* [Given data]:
:::::

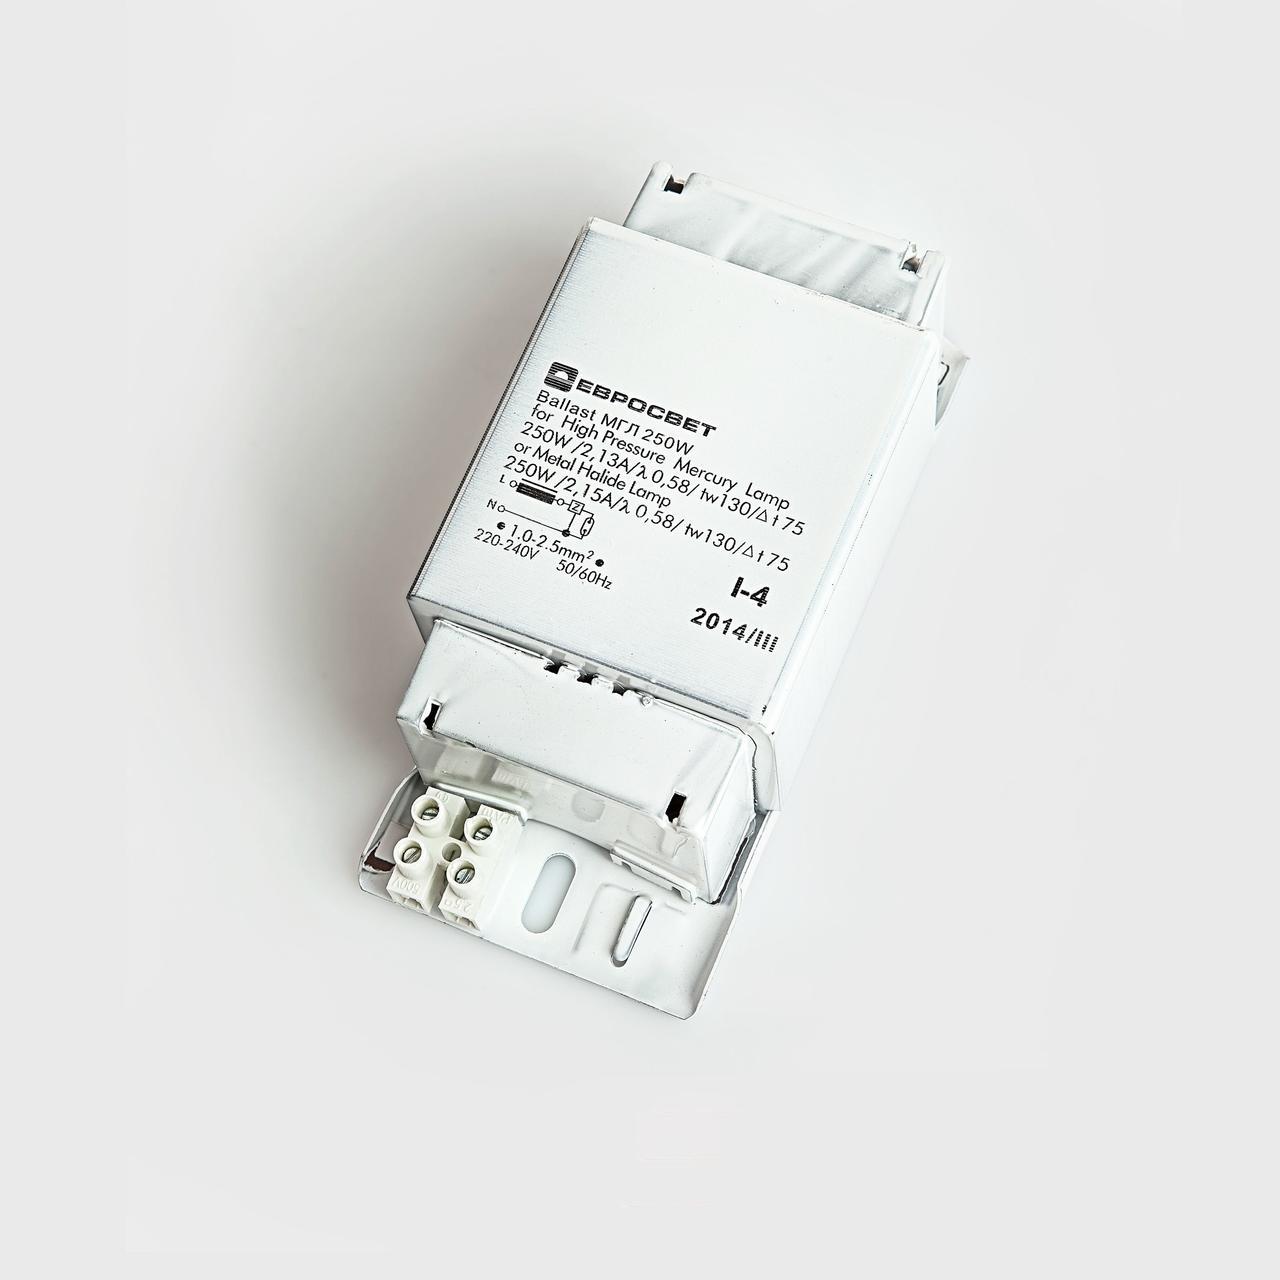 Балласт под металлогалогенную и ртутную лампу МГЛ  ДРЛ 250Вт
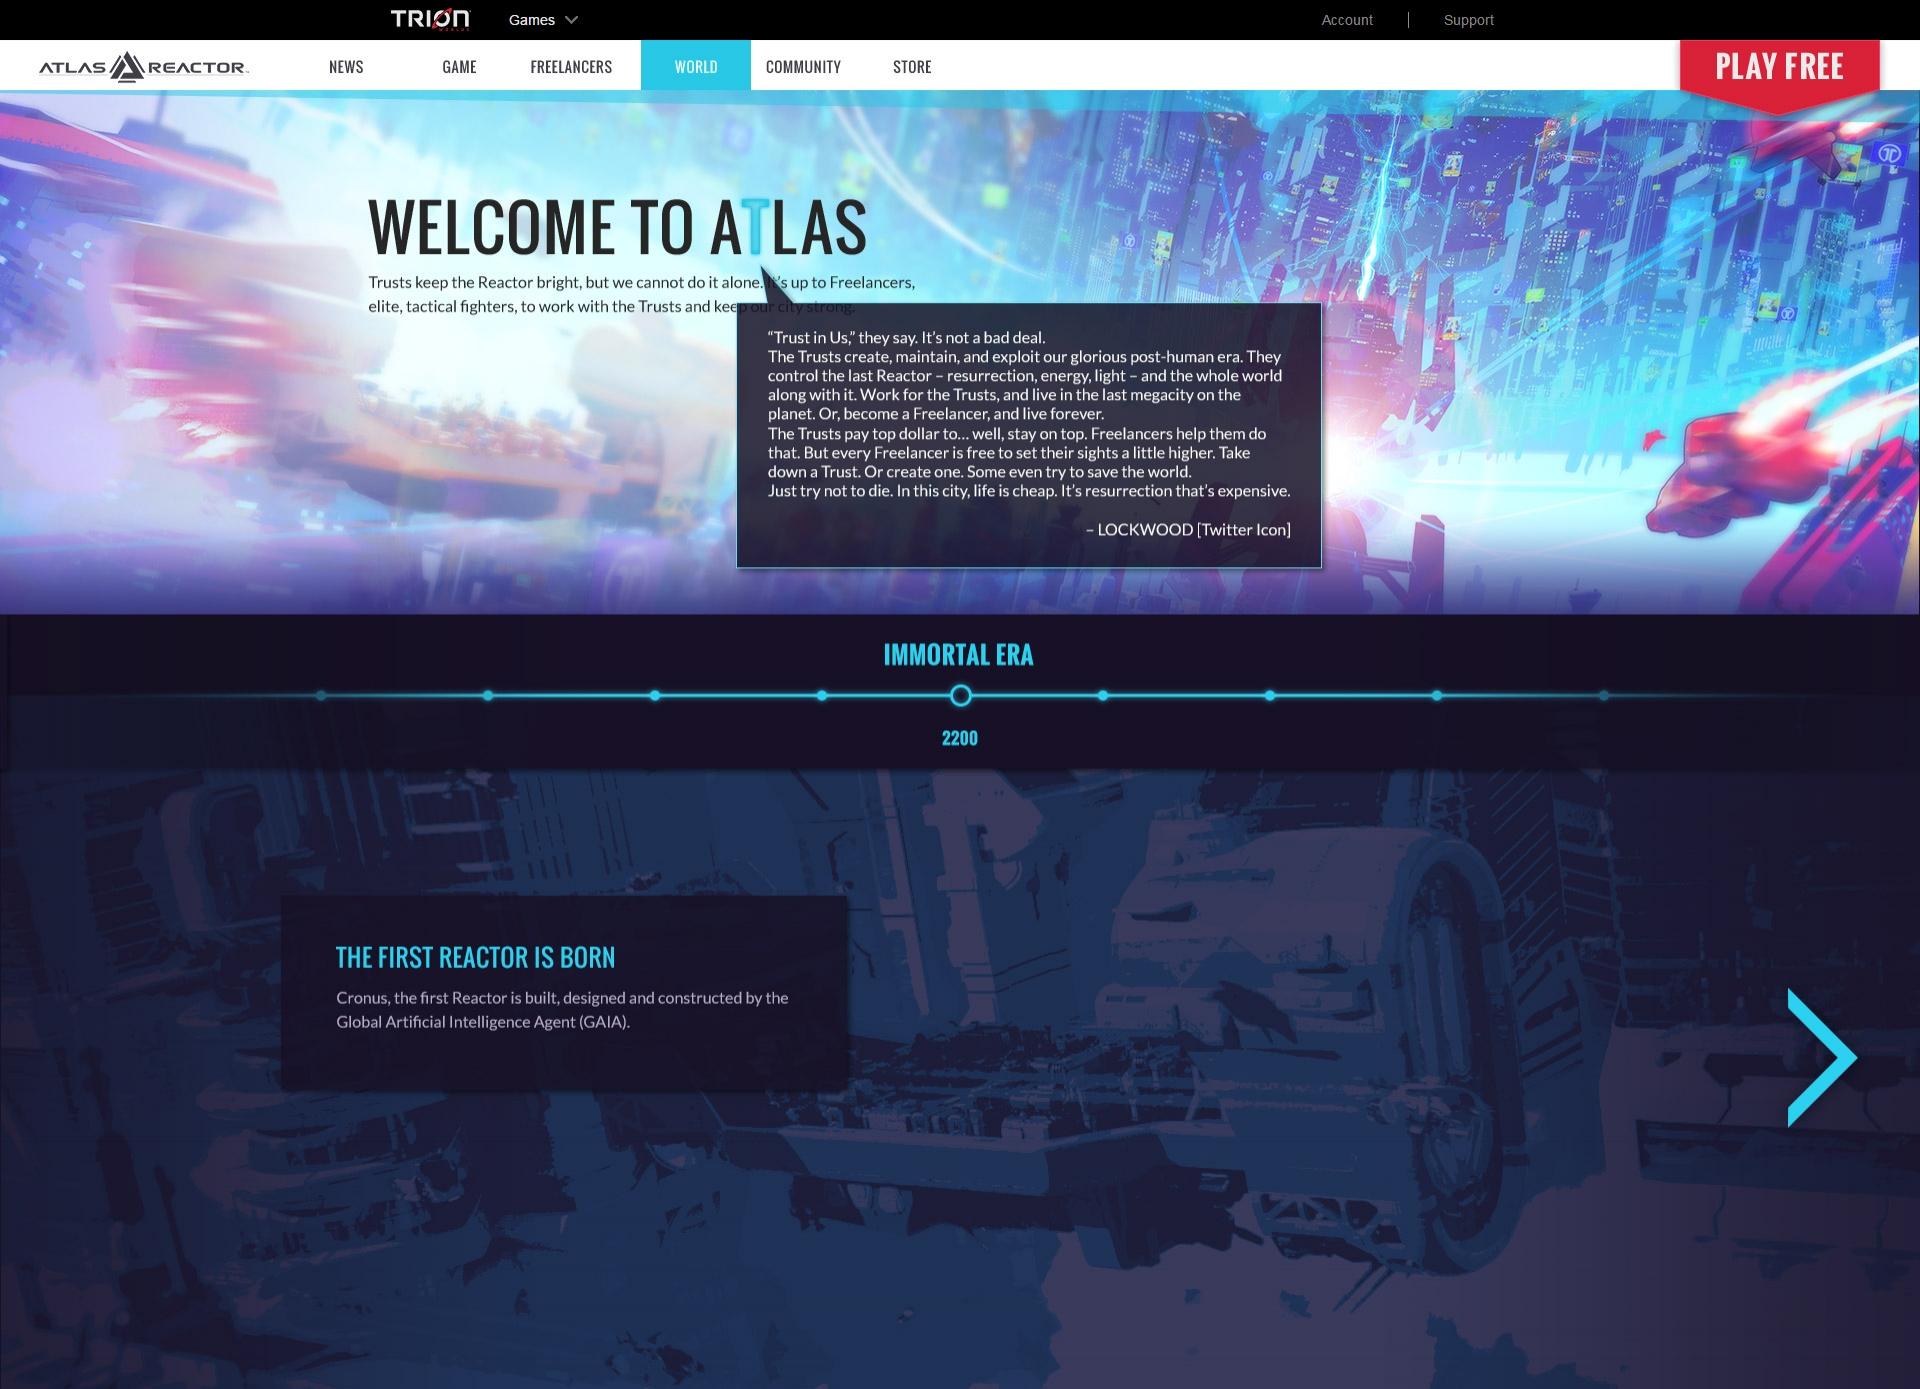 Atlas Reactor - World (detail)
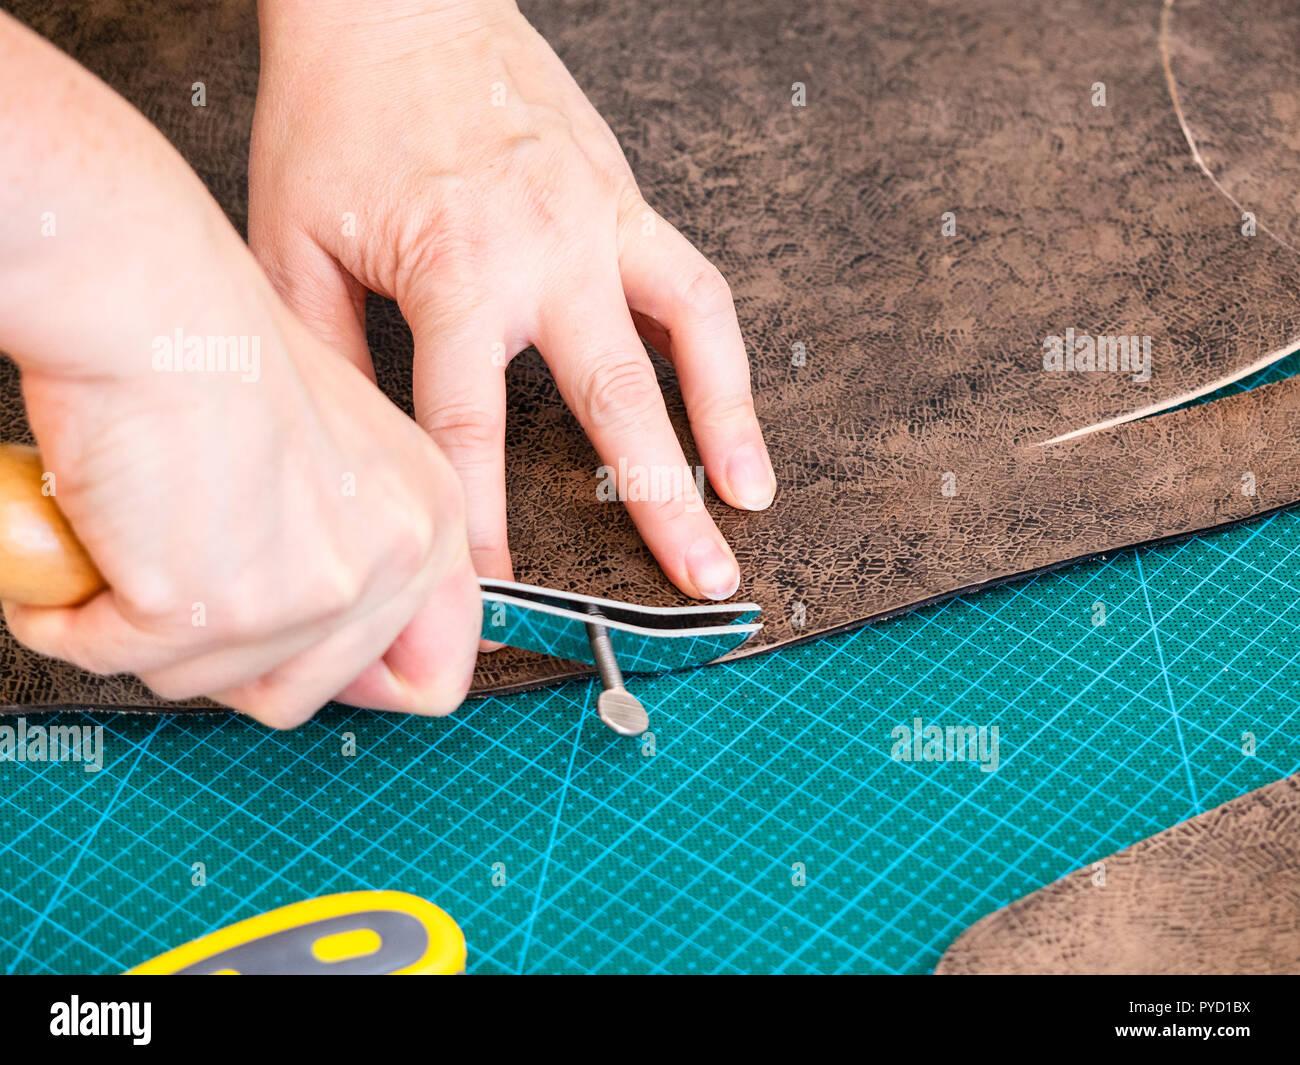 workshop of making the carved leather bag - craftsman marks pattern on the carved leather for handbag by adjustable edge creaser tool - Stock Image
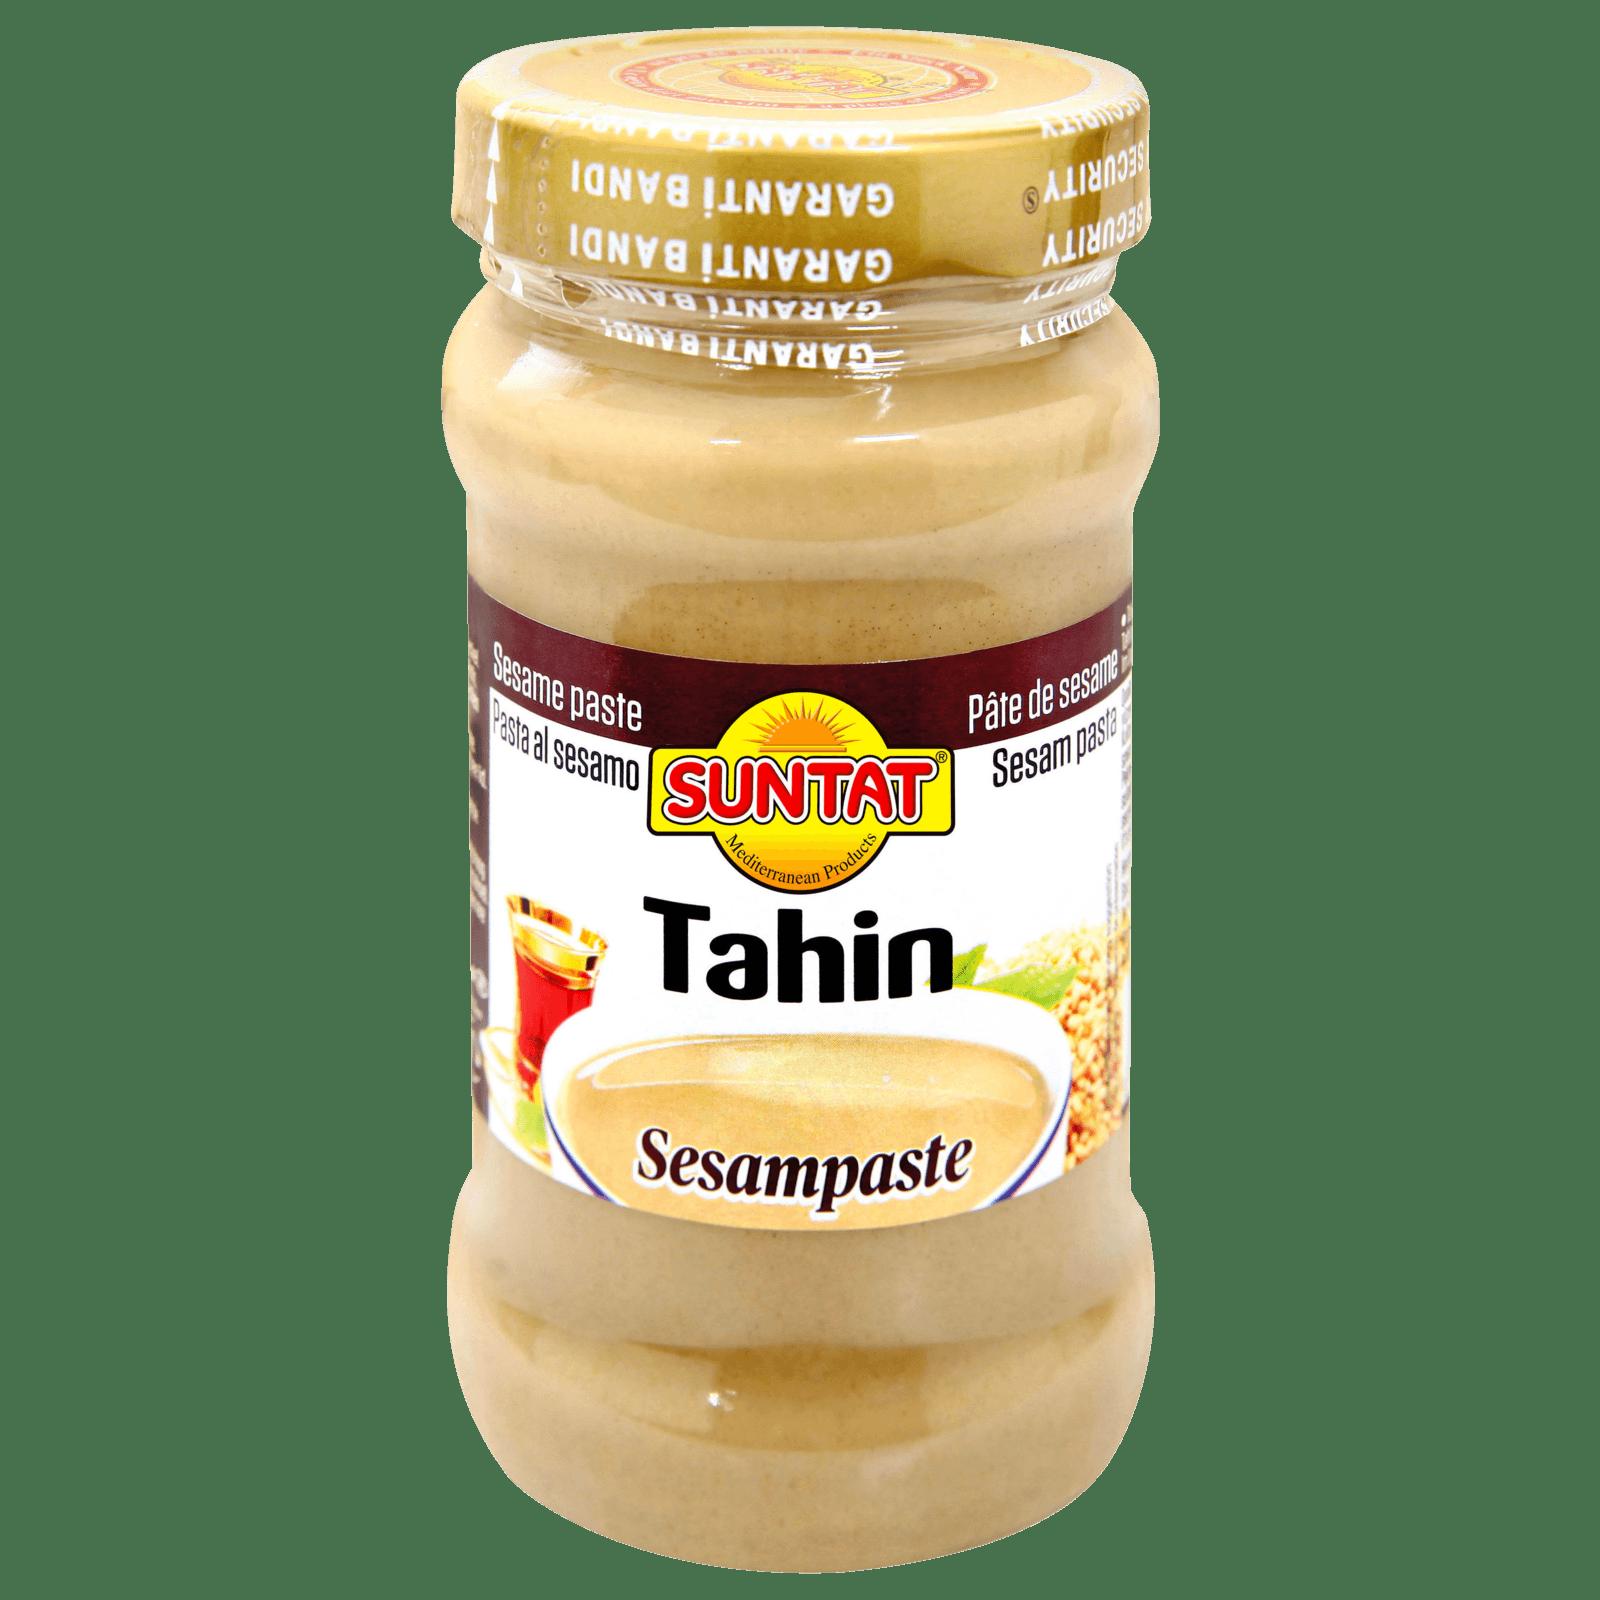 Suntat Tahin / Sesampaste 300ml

:::::

The data must be printed exactly, image-free.

* [Exercise solution]:
 Балласт под металлогалогенную и ртутную лампу МГЛ  ДРЛ 250Вт
 Atlas Reactor - World (detail)
 workshop of making the carved leather bag - craftsman marks pattern on the carved leather for handbag by adjustable edge creaser tool - Stock Image
 Suntat Tahin / Sesampaste 300ml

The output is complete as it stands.